The following will happen during the setup of the docker process.
- Docker will download the
ghcr.io/ggml-org/llama.cpp:server-cuda
image - Docker will launch the container on a port greater than 65000
- The created llamacpp server container is created on the host and not within the
llamaswap
container - The llamacpp container is created on the host by making use of the docker socket
- The created llamacpp server container is created on the host and not within the
- The model will be read from the
/models
path which is pointing to a network share - Once healthy, the llama-swap service will route traffic from 65000 to the container's port on the host machine
If the llamaswap
container is restarted due to a config change, or by simply restarting the container, then all containers launched by the llamaswap
container are cleaned up.
I've since started incorporating additional LLM servers into my config other than llamacpp. This turned out to be a great use case for llama-swap with Docker in Docker.
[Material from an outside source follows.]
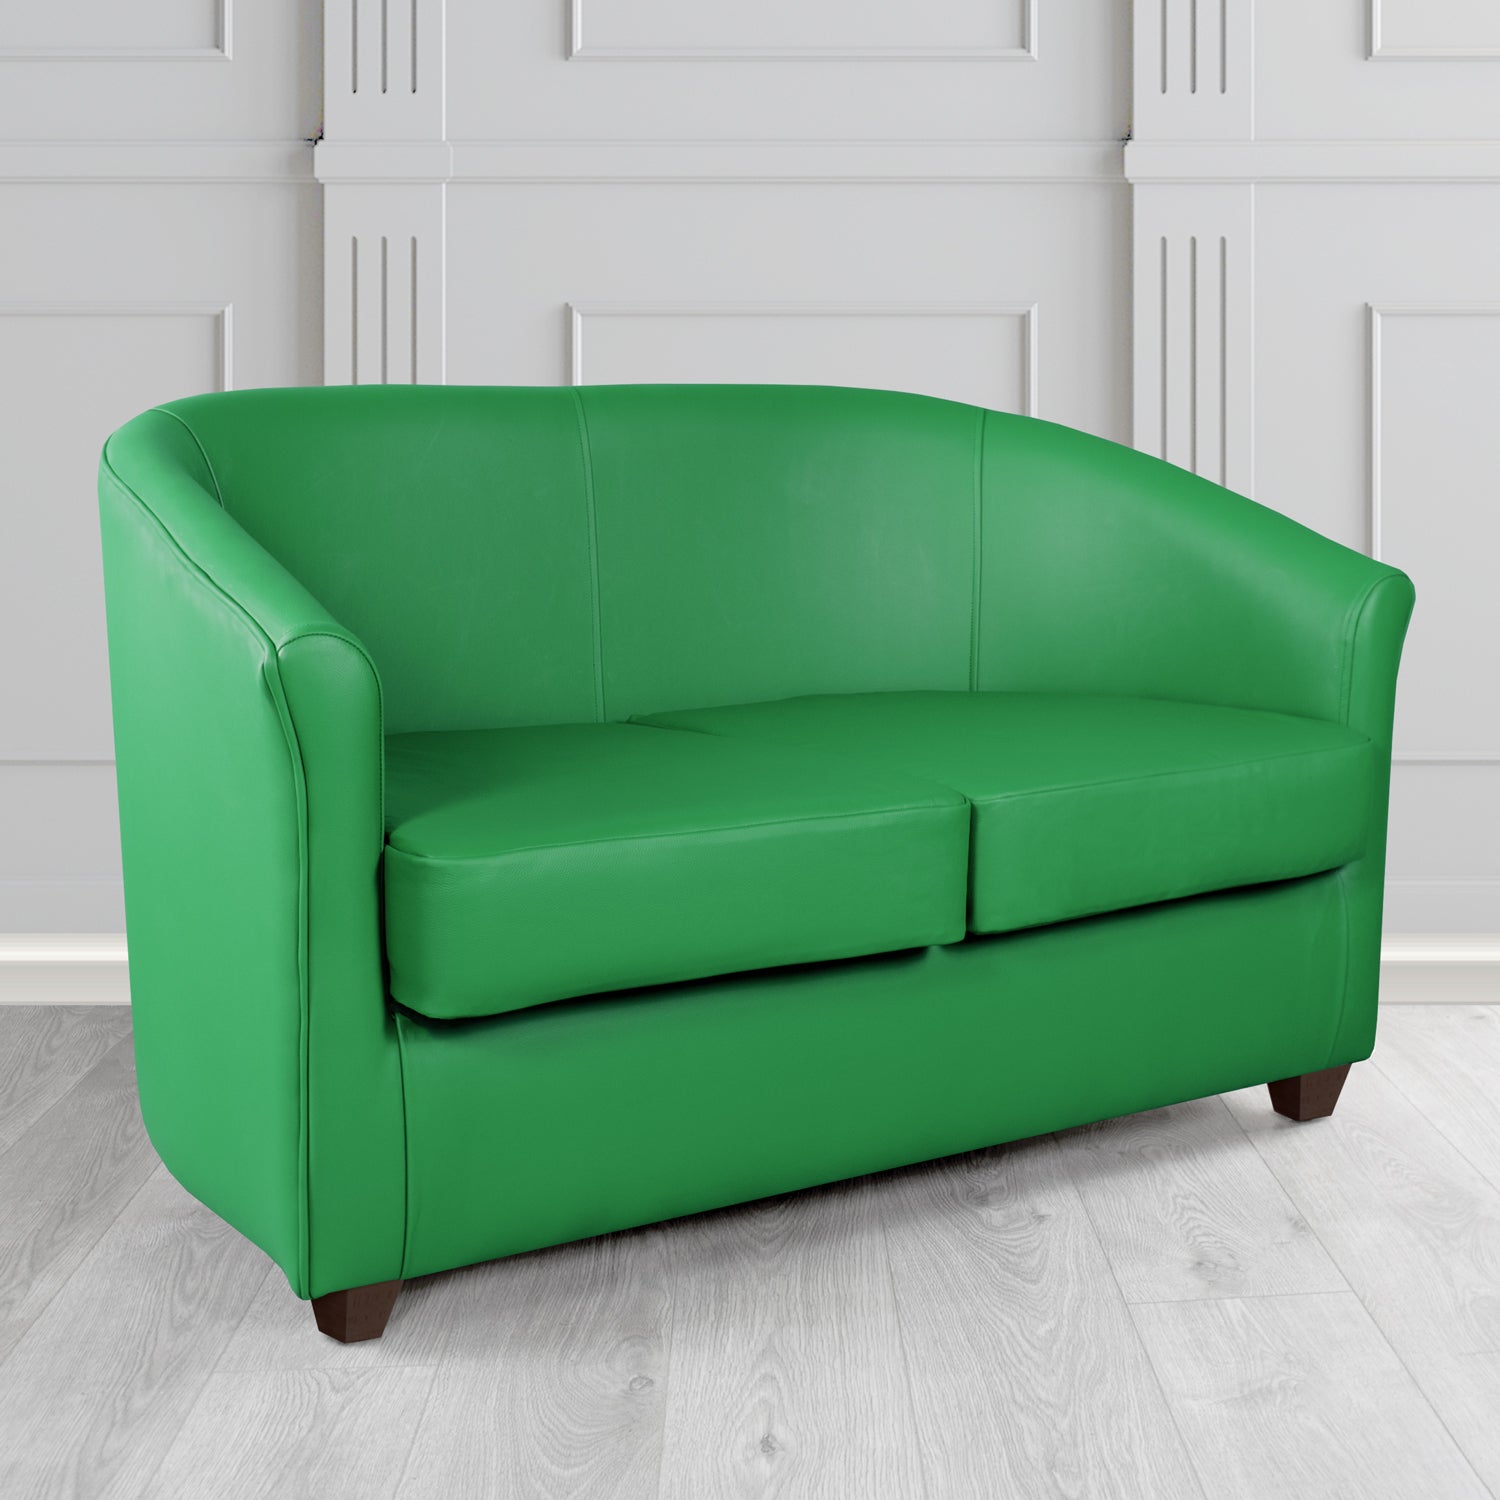 Cannes 2 Seater Tub Sofa in Just Colour Eden Crib 5 Faux Leather - The Tub Chair Shop
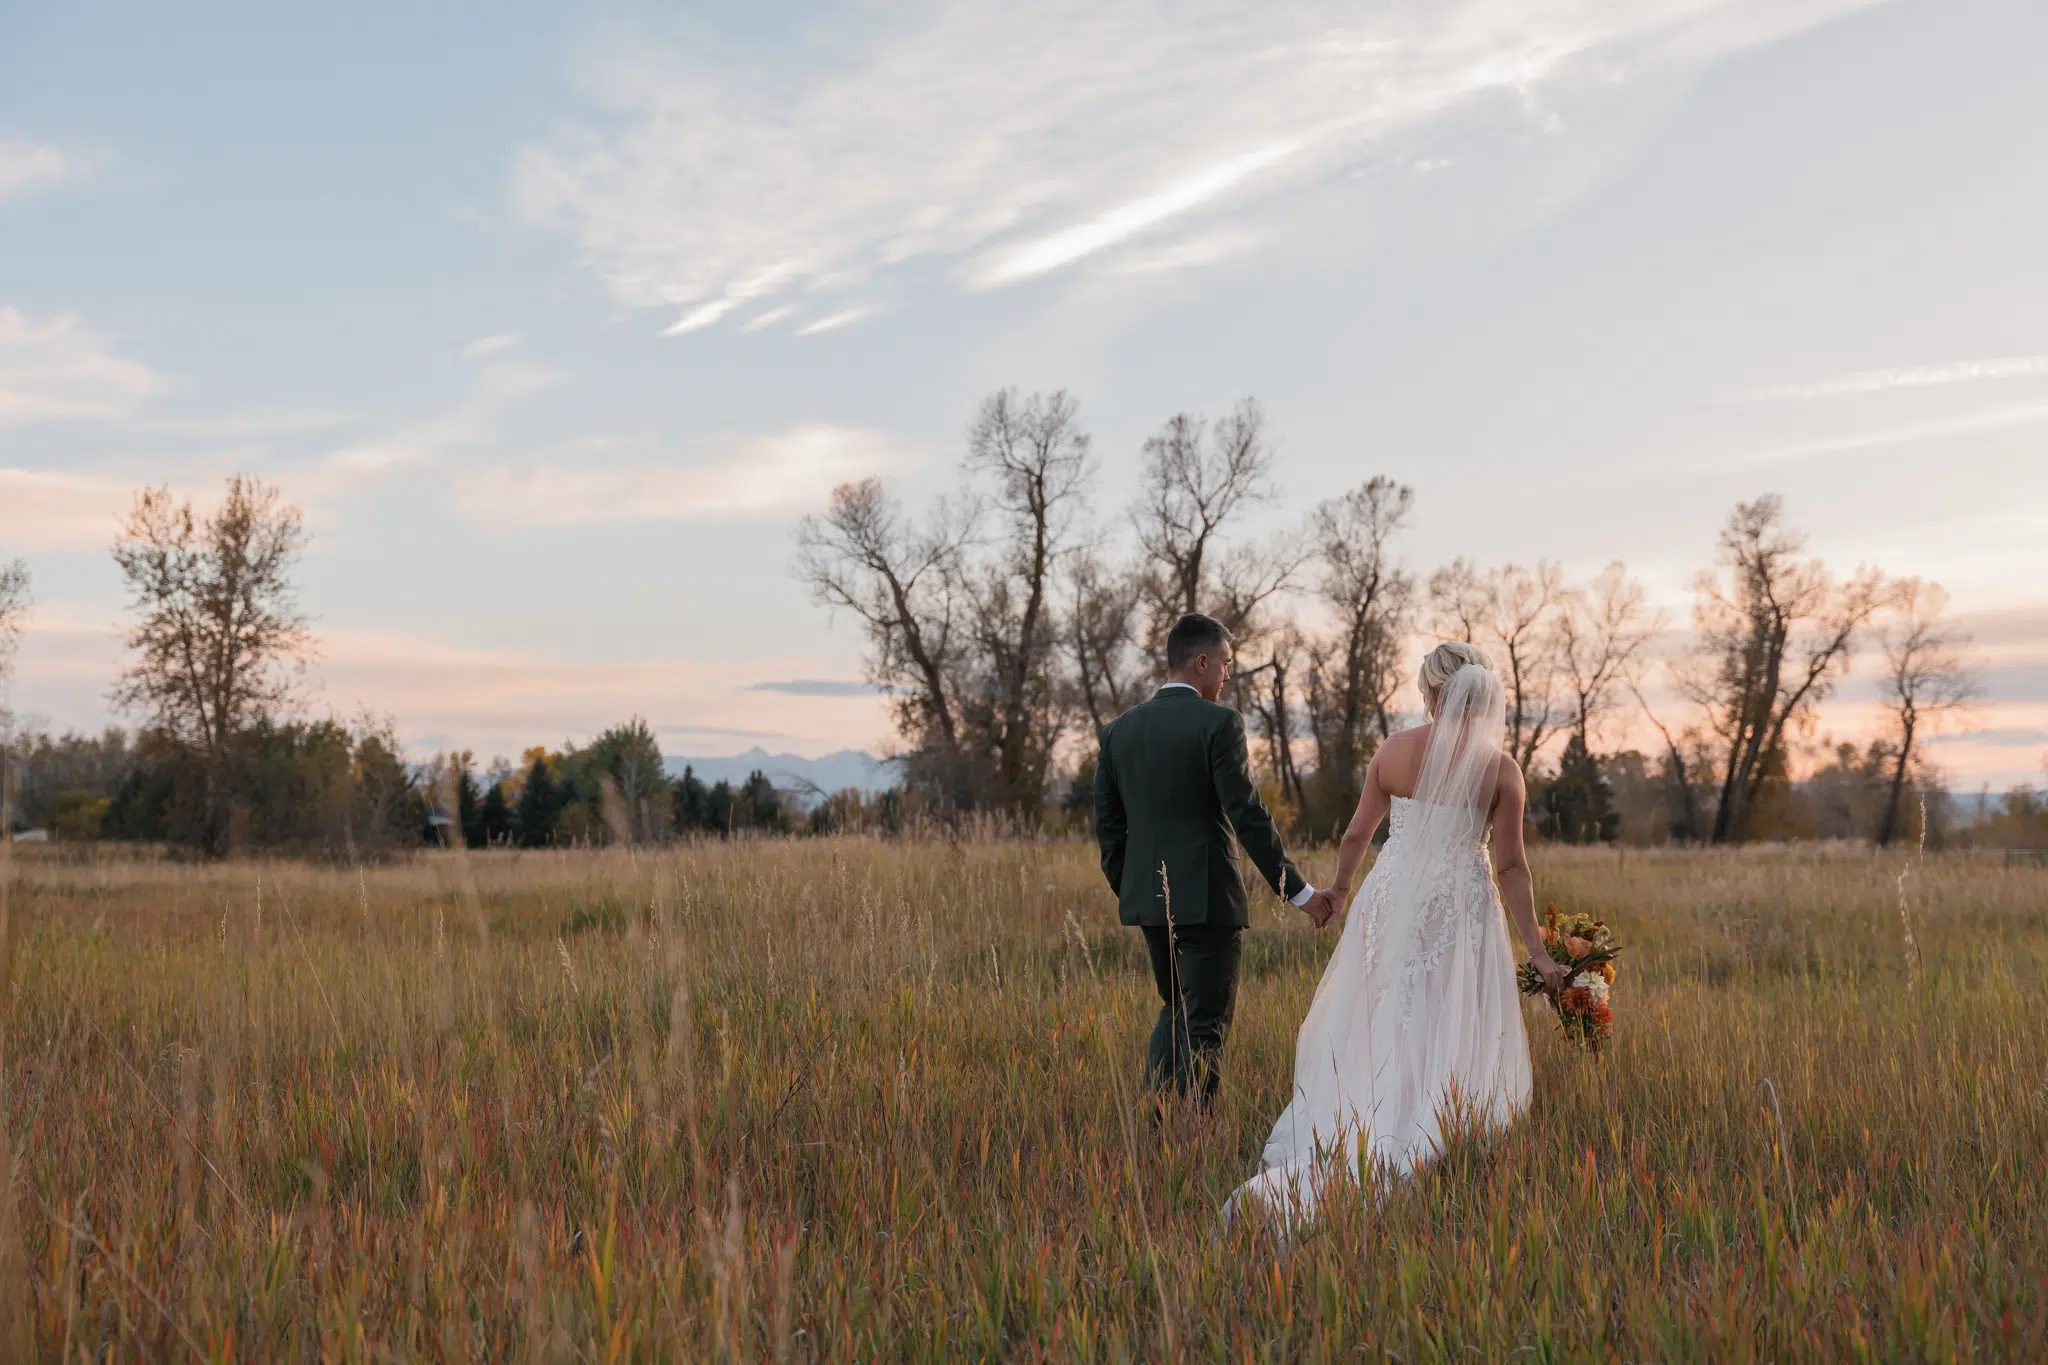 Wedding Venues In Bozeman Couple At The Chateau Event Center

This configuration example is intended to be used in the type of environment configured above.
The Qwen2.5-Coder-32B-Instruct-AWQ
folder was created by using git clone https://huggingface.co/Qwen/Qwen2.5-Coder-32B-Instruct-AWQ
with GIT LFS.
The folder structure for the models directory for this config file is the following.
models/
├── unsloth_Qwen2.5-Coder-32B-Instruct-Q4_K_M_20250517.gguf
└── Qwen2.5-Coder-32B-Instruct-AWQ #(GIT FOLDER)
config.yaml example
healthCheckTimeout: 1500 # wait 25 minutes before unhealthy
startPort: 65001 # Ports for containers start at 65001
models:
"qwen-coder-32b-v2.5-llamacpp":
cmd: |
docker run --gpus=all --pull always --name qwencoder-32bv25
--init --rm -p ${PORT}:8080 -v llamaswap_models:/models ghcr.io/ggml-org/llama.cpp:server-cuda
--model /models/unsloth_Qwen2.5-Coder-32B-Instruct-Q4_K_M_20250517.gguf
--ctx-size 32768
--gpu-layers 999
--no-context-shift
--jinja
--parallel 1
--flash-attn
--cache-type-k q8_0
--cache-type-v q8_0
cmdStop: docker stop qwencoder-32bv25
"qwen-coder-32b-v2.5-aphrodite":
cmd: |
docker run --runtime nvidia --gpus=all --pull always --name qwencoder-32bv25-aphrodite
--init --rm -p ${PORT}:2242 --ipc=host -v llamaswap_models:/models alpindale/aphrodite-openai:latest
--model /models/Qwen2.5-Coder-32B-Instruct-AWQ
--tensor-parallel-size 8
cmdStop: docker stop qwencoder-32bv25-aphrodite
"qwen-coder-32b-v2.5-vllm":
cmd: |
docker run --runtime nvidia --gpus=all --pull always --name qwencoder-32bv25-vllm
--init --rm -p ${PORT}:8000 --ipc=host -v llamaswap_models:/models -e VLLM_USE_FLASHINFER_SAMPLER=0 vllm/vllm-openai:latest
--model /models/Qwen2.5-Coder-32B-Instruct-AWQ
--tensor-parallel-size 8 --max-model-len 32768 --quantization awq_marlin --gpu-memory-utilization .75
cmdStop: docker stop qwencoder-32bv25-vllm
I can then run experiments with the three different LLM servers to see which one I prefer by using the server's 65000 endpoint.